Malignant mesothelioma (MM) is a rare tumor of mesothelial cells, with an increasing incidence both in developed and developing countries. MM has three major histological subtypes, in order of frequency, according to the World Health Organization (WHO) Classification of 2021: epithelioid, biphasic, and sarcomatoid MM. Distinction may be a challenging task for the pathologist, due to the unspecific morphology.
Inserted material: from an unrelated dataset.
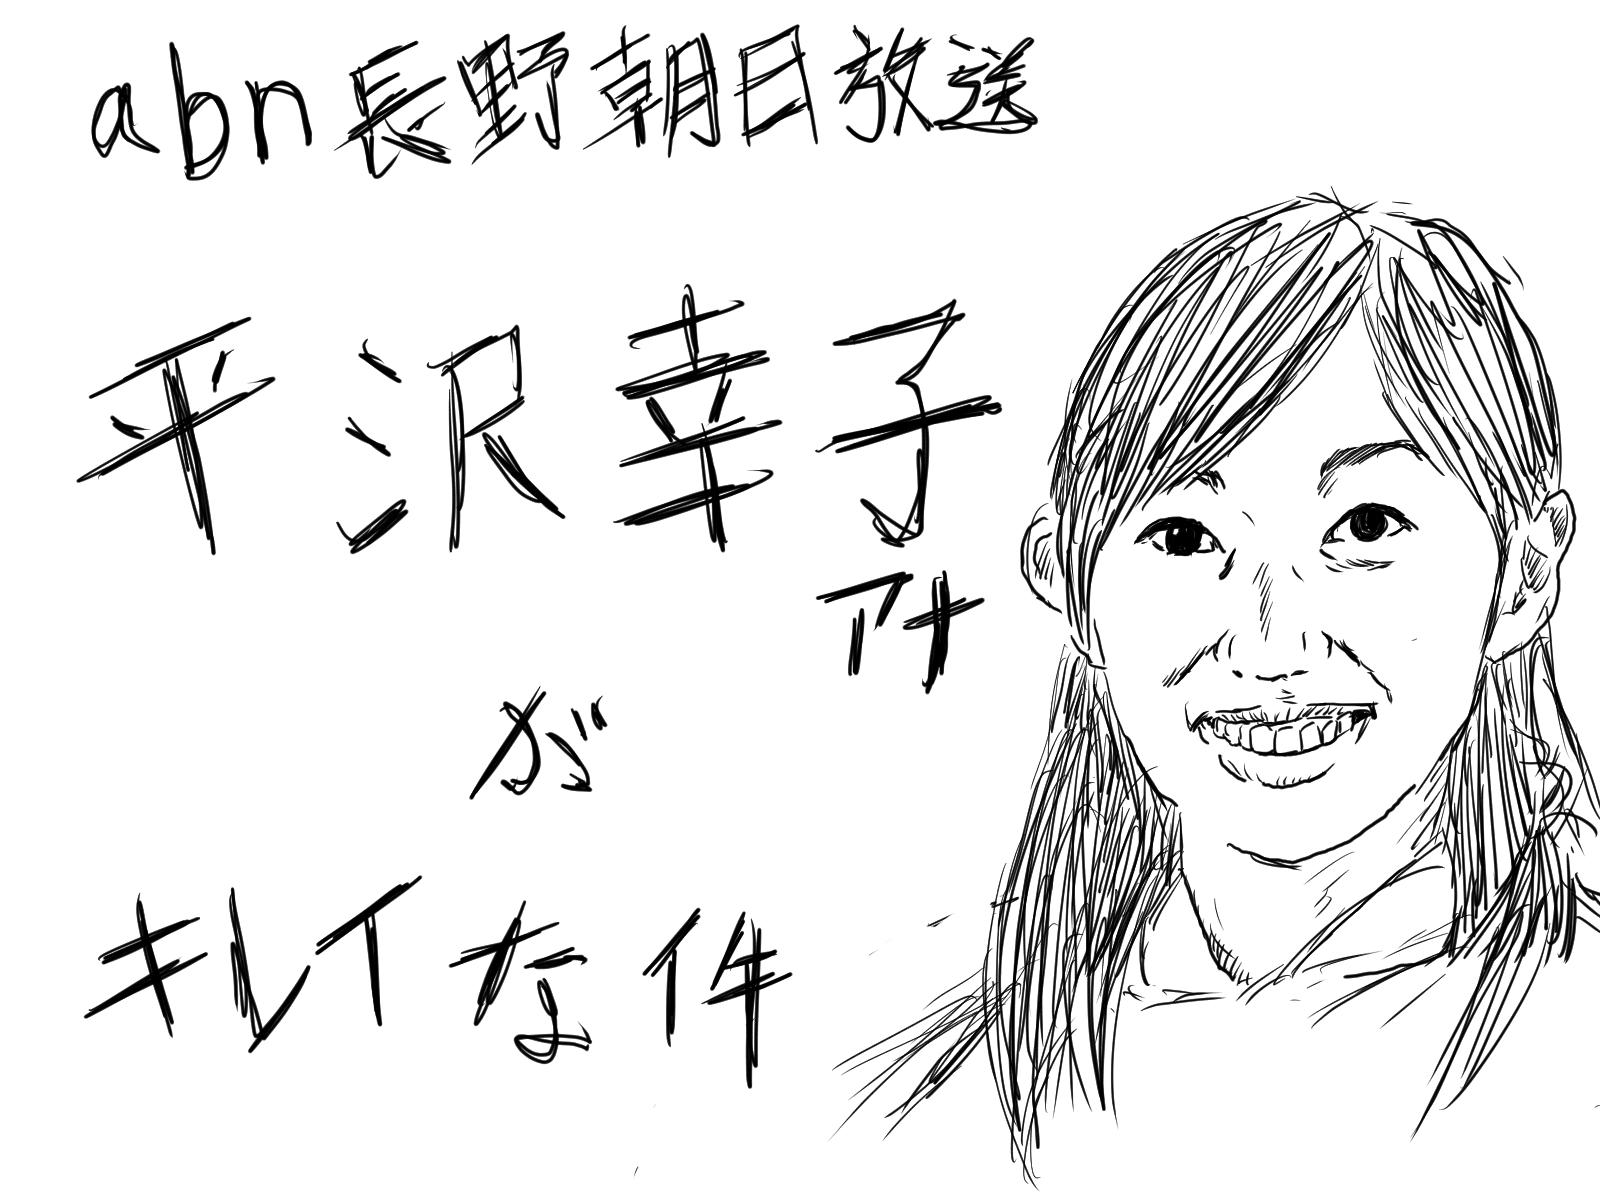 【abn長野朝日放送】平沢幸子アナウンサーがきれいな件
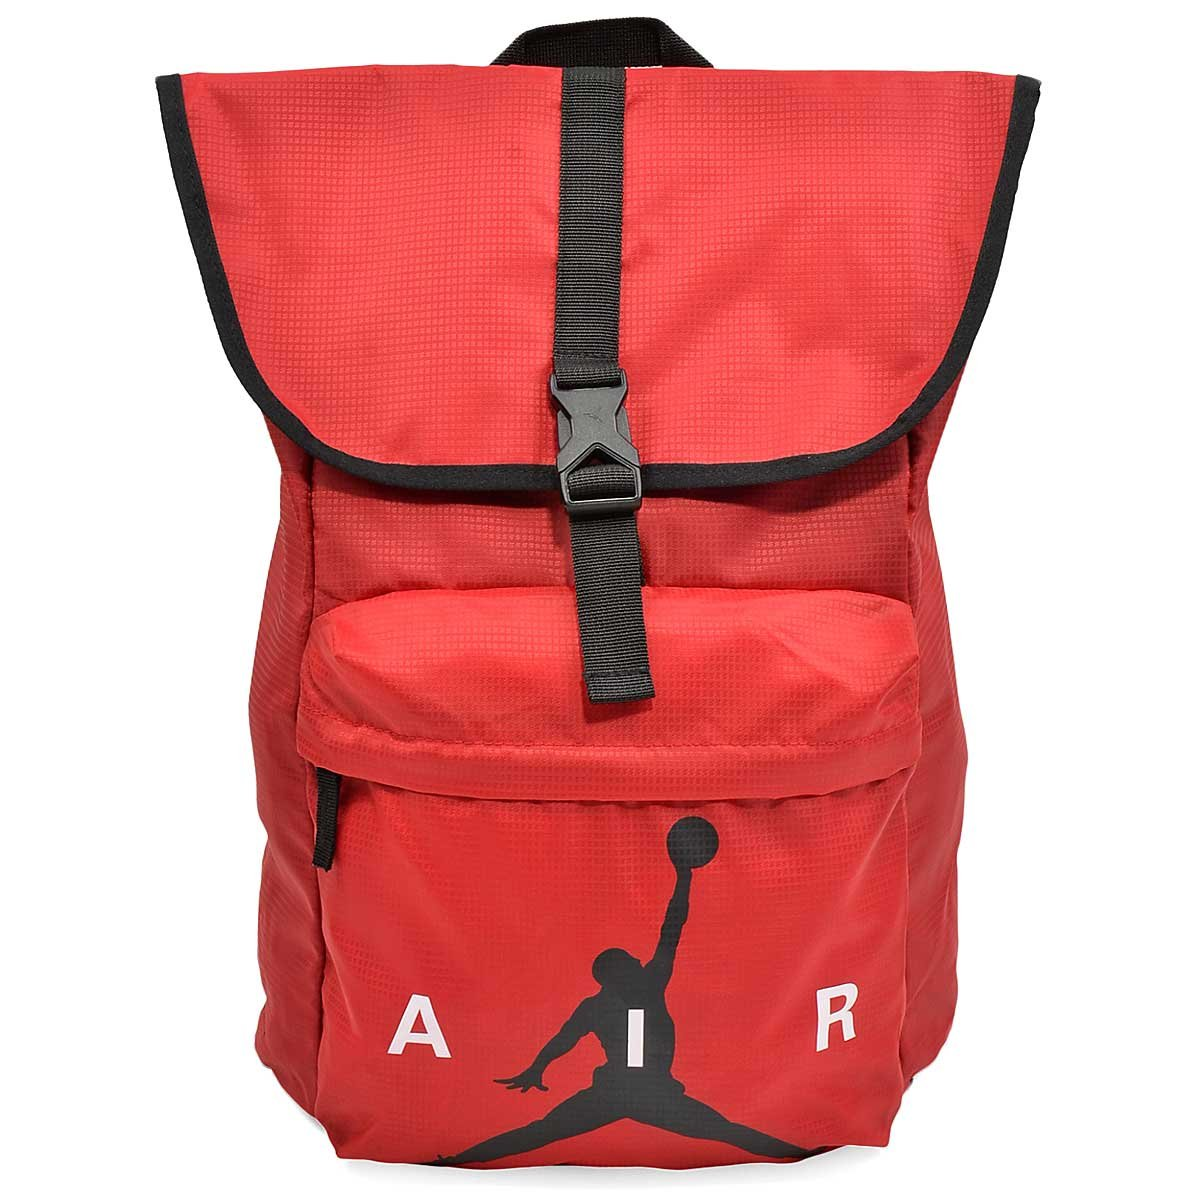 Nike Air Jordan Jumpman 9 a1725-r78トレーニングDayバックパックブックバッグジムレッド/ブラック, O/S   B01MZ0BOTO

Here, we present two cases of diffuse MM subtypes to emphasize the immunohistochemical (IHC) differences, and to facilitate diagnostic difficulties. In our first case of epithelioid mesothelioma, the neoplastic cells showed cytokeratin 5/6 (CK5/6), calretinin, and Wilms-tumor-1 (WT1) expression, while remaining negative with thyroid transcription factor-1 (TTF-1). BRCA1 associated protein-1 (BAP1) negativity was seen in the neoplastic cells' nucleus, reflecting loss of the tumor suppressor gene. In the second case of biphasic mesothelioma, expression of epithelial membrane antigen (EMA), CKAE1/AE3, and mesothelin was observed, while WT1, BerEP4, CD141, TTF1, p63, CD31, calretinin, and BAP1 expressions were not detected.
Due to the absence of specific histological features, the differentiation between MM subtypes could be a challenging task. In routine diagnostic work, IHC may be the proper method in distinction. According to our results and literature data, CK5/6, mesothelin, calretinin, and Ki-67 should be applied in subclassification.